TRY IT — Copy out the listing that follows exactly, dropping every picture.

DATA BLOCK —
--- START ---
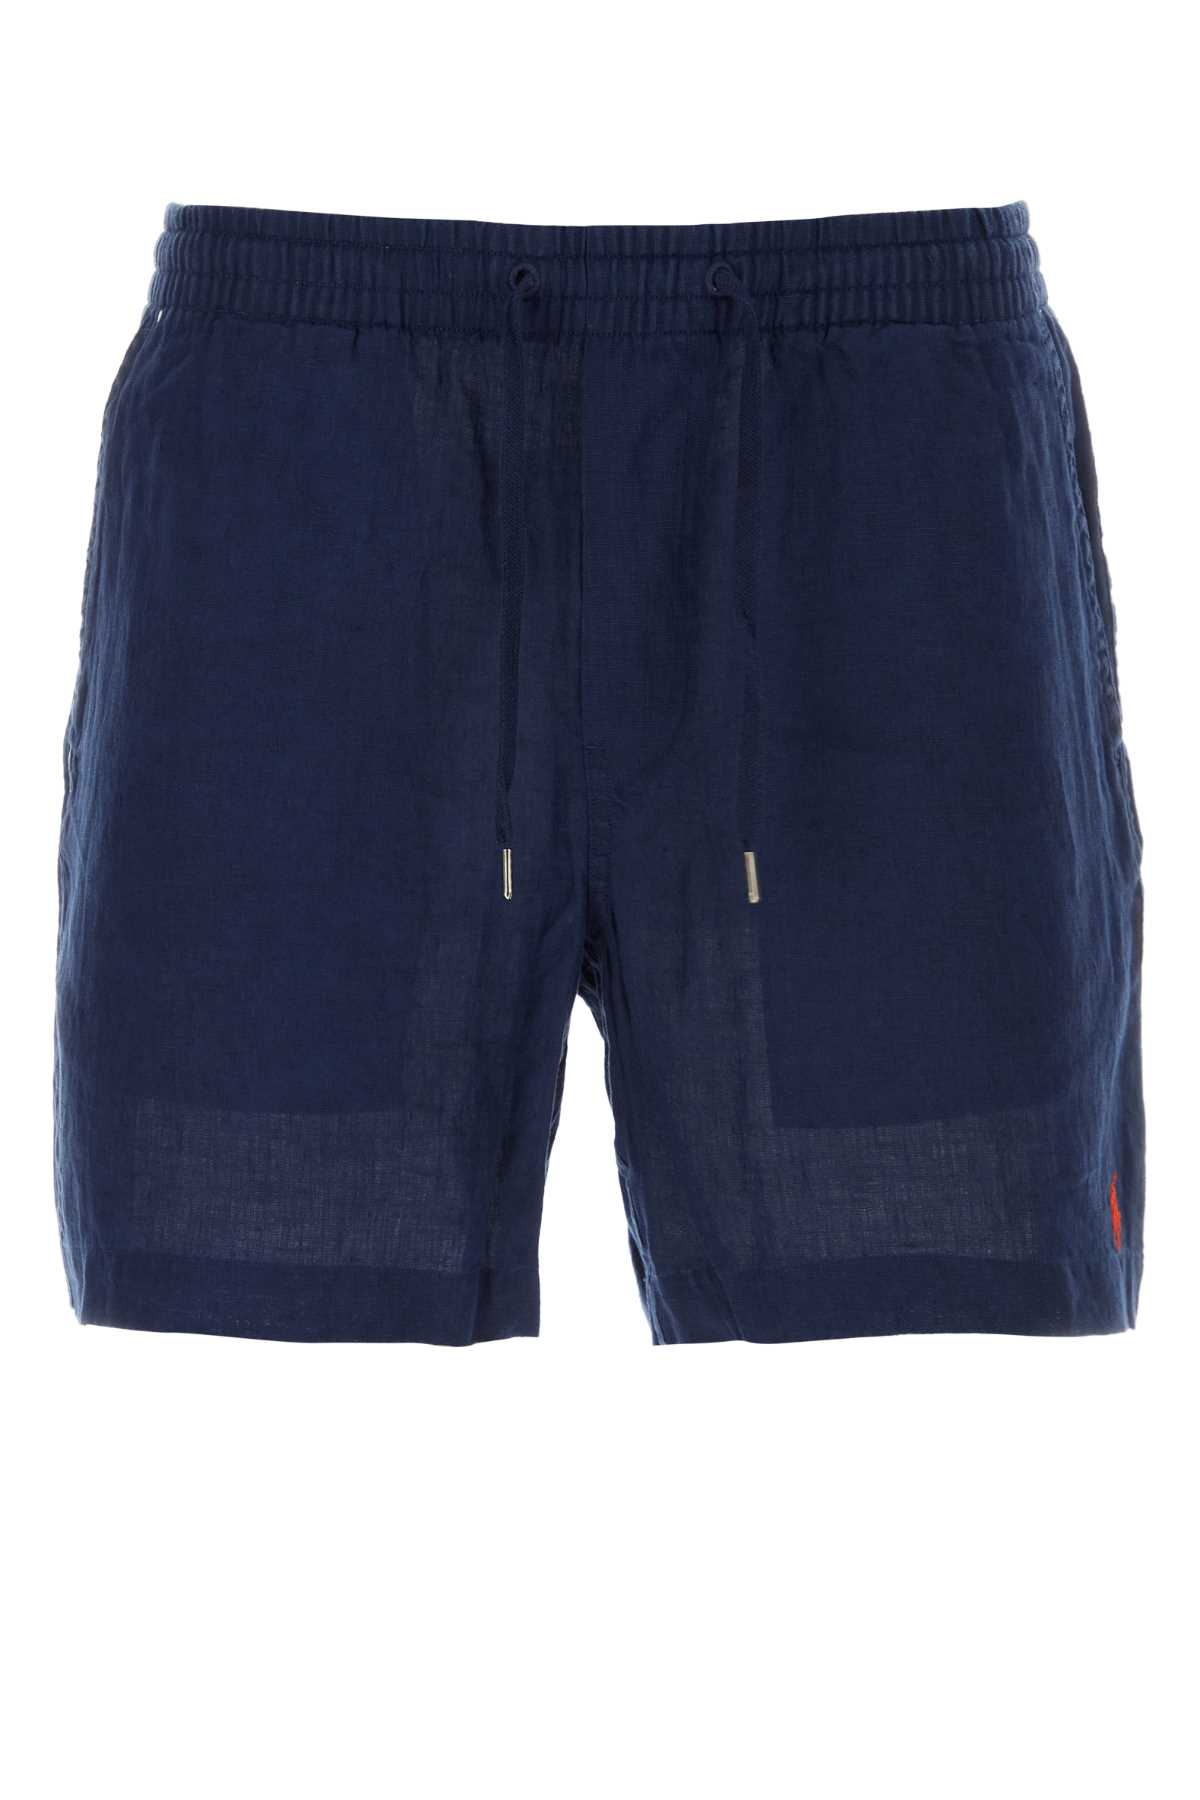 Navy Blue Linen Bermuda Shorts
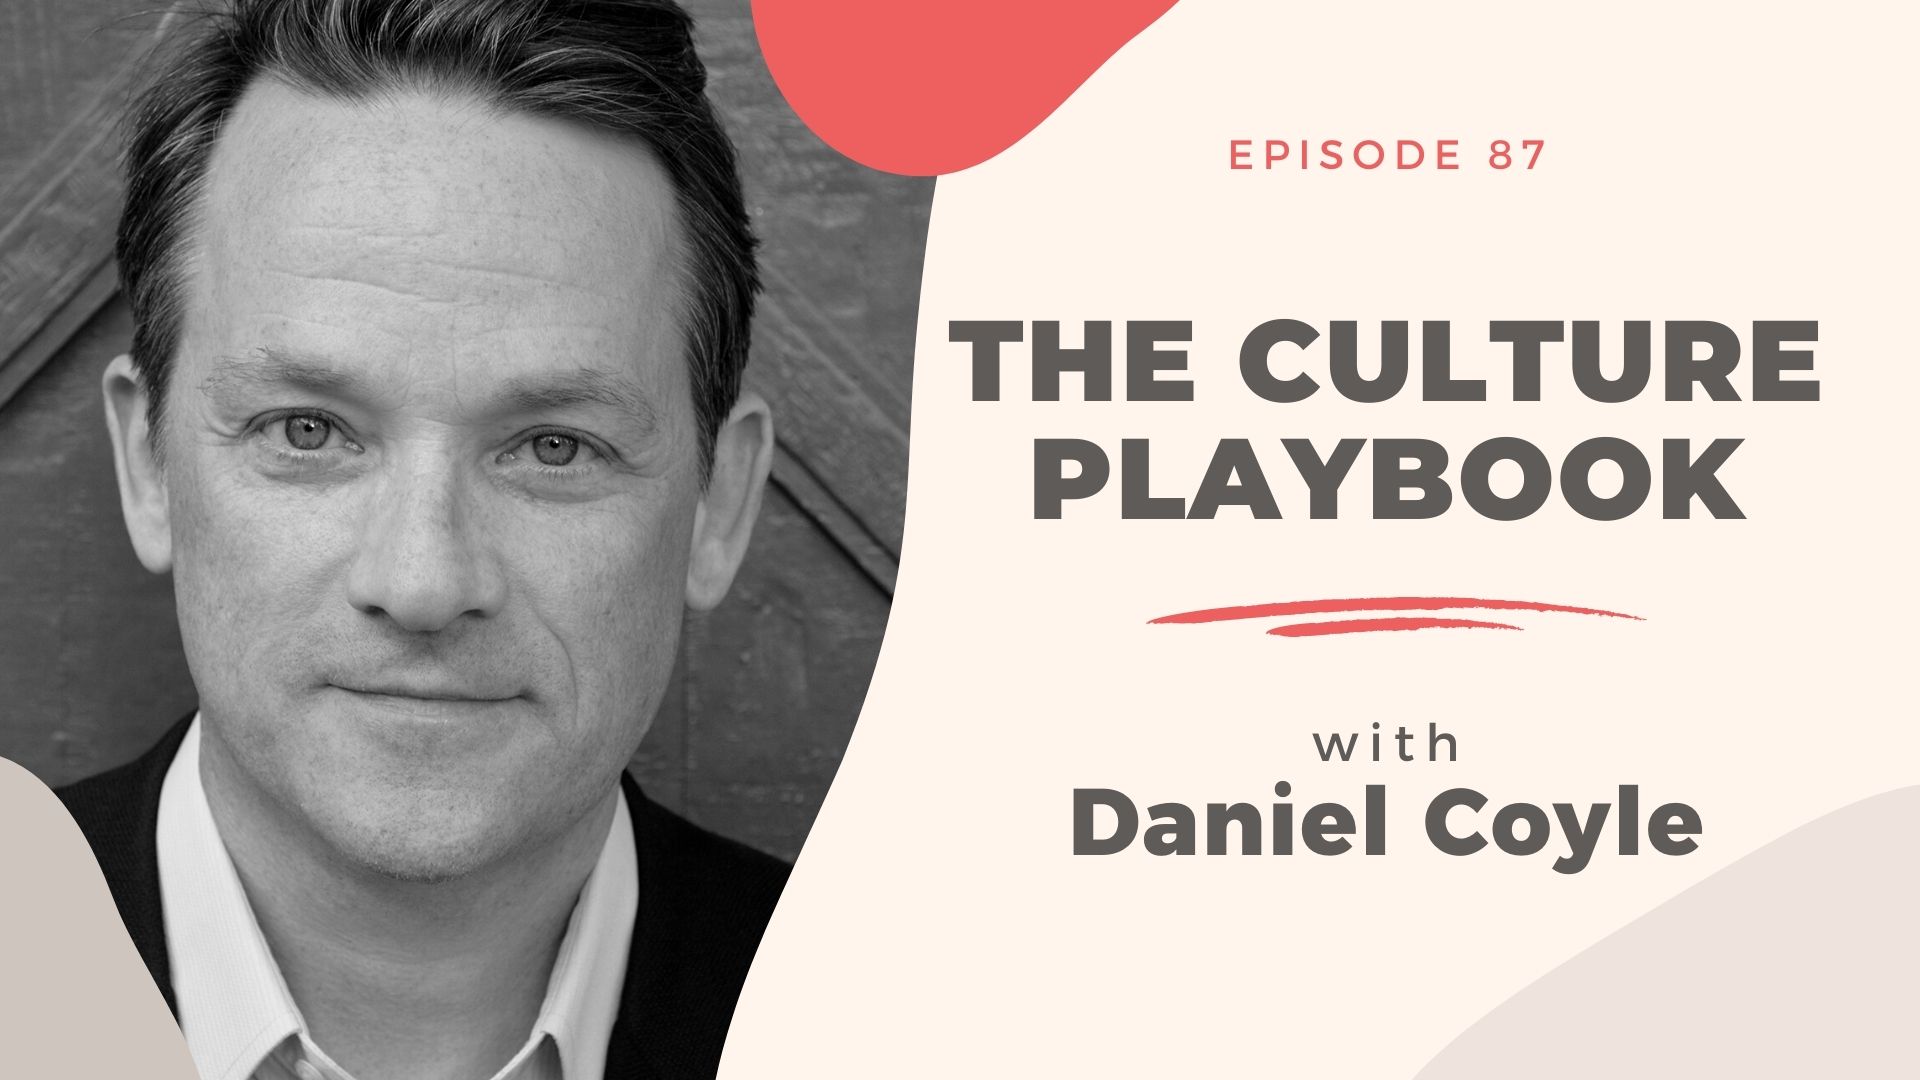 Daniel and the CounterCulture - CultureWatch
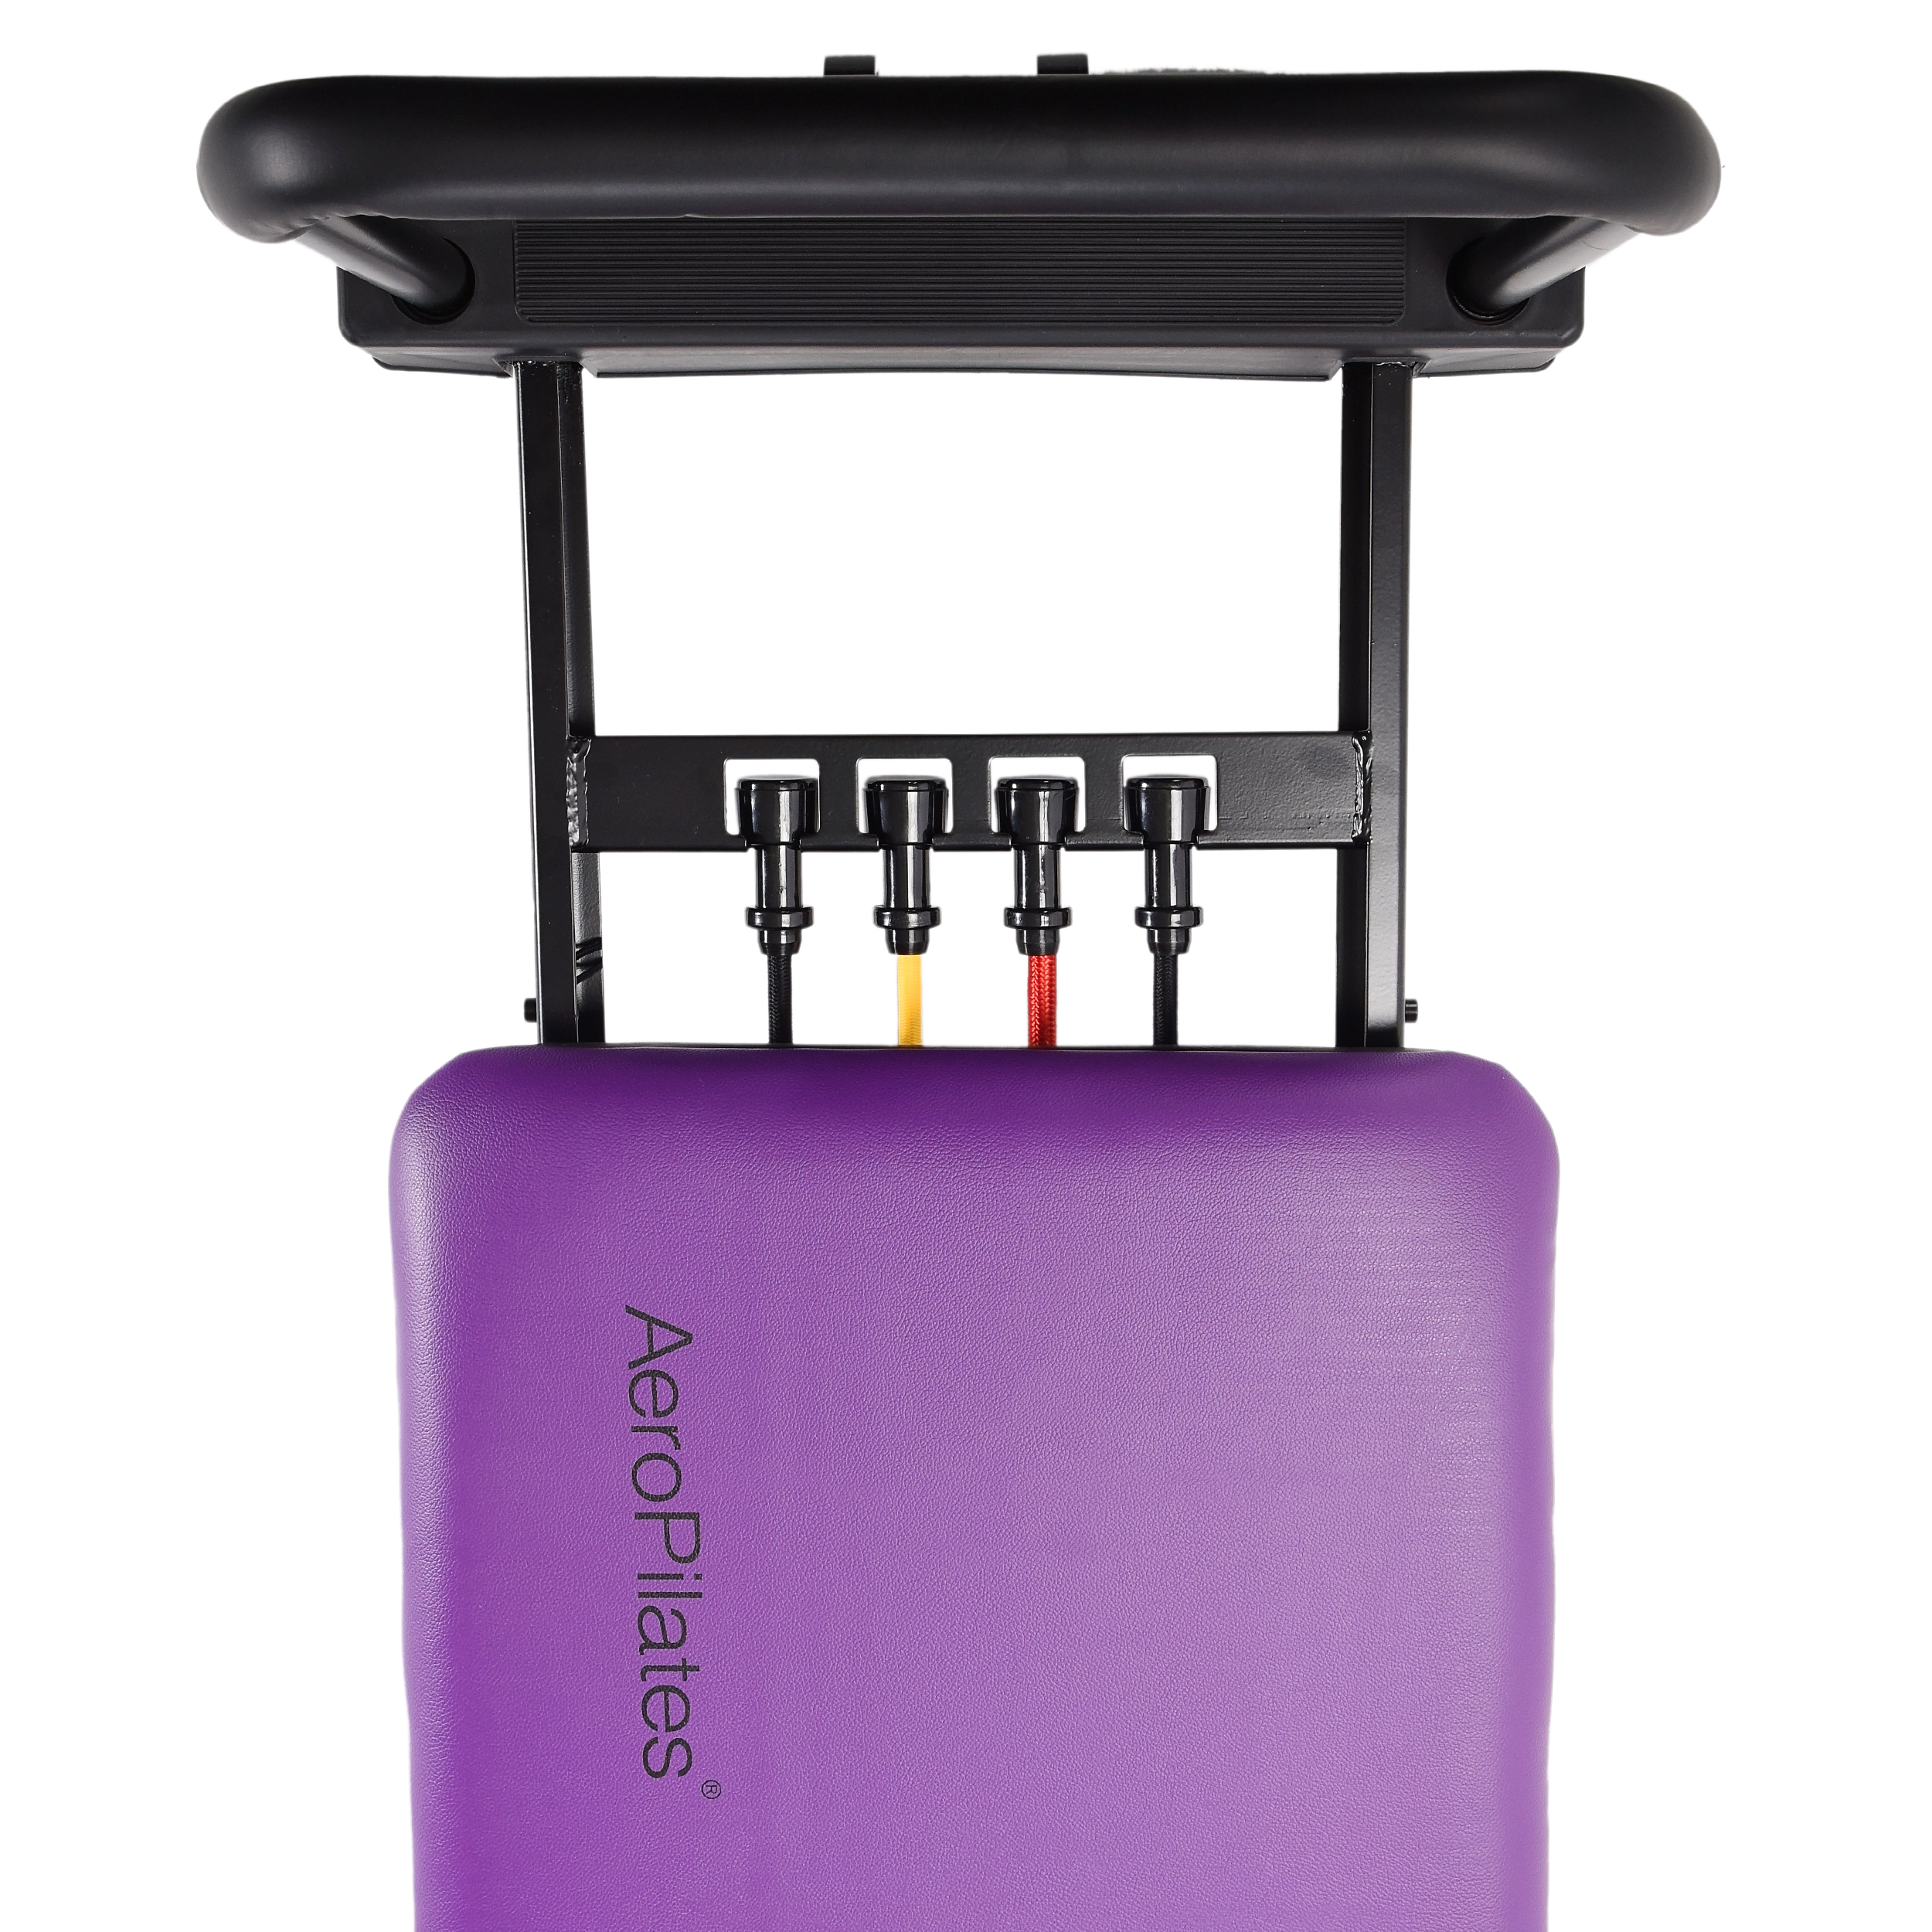 AeroPilates - Black or purple 5 cord AeroPilates reformer
--- END ---
ANSWER FOR THIS EXERCISE —
 Navy Blue Linen Bermuda Shorts
 Daniel and the CounterCulture - CultureWatch
 AeroPilates - Black or purple 5 cord AeroPilates reformer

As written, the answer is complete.